The DHSC and NHS England also told Pulse they had no central data for how many GPs are currently working in A&E streaming as this was managed at a local level.

GP leaders argued that the scheme should not be expanded, as the streaming services create a ‘perverse incentive’ for patients to go to hospital rather than their GP practice and threaten continuity of care.

Dr Fay Wilson, CEO and medical director at Urgent Health UK and GP out-of-hours cooperative Badger, told Pulse: ‘Patients are not thick, it will simply result in more and more people going into A&E. It ends up giving patients a perverse incentive to go into A&E with minor ailments, we need to stop treating them in A&E. It’s a really, really stupid idea.

‘I’m fed up with politicians not looking at evidence, creating kneejerk reaction policies and not responding to the patients’ needs. It is much more sensible to use GPs in general practice, rather than put them in hospitals.

‘I’m sick of the NHS spending £70, £80, £90 to see a single patient in A&E when they are not prepared to properly fund general practice.’

Dr Krishna Kasaraneni, BMA GP committee executive lead for workforce, said: ‘One of the key solutions to addressing the pressures on access to services in the NHS is to invest in expanding the primary care teams in GP practices. With investment to increase the number of GPs and allied health care professionals, the care provided to patients in general practice will continue to improve.
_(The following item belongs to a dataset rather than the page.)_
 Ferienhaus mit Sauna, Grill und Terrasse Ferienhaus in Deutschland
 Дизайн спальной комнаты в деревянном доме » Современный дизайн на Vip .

‘This, in turn, should then address some of the pressures on the NHS as a whole. There is no substitute for continuity of care and spreading the already stretched GP workforce even more thinly is likely to further fragment care.’

Early evaluation of the scheme saw researchers on the fence, with one study claiming GPs saw patients ‘quicker’ using ‘fewer resources’, while another failed to show any impact on overcrowding issues.

Meanwhile, a Pulse survey a year into the scheme found that a quarter of GPs were finding it more difficult to employ locums as these were being booked up to work in A&E departments.

Baroness Blackwood resigned as a health minister in last week’s cabinet reshuffle. Meanwhile, Helen Whately, the MP for Faversham and Mid Kent, was added to the DHSC team as a minister for care.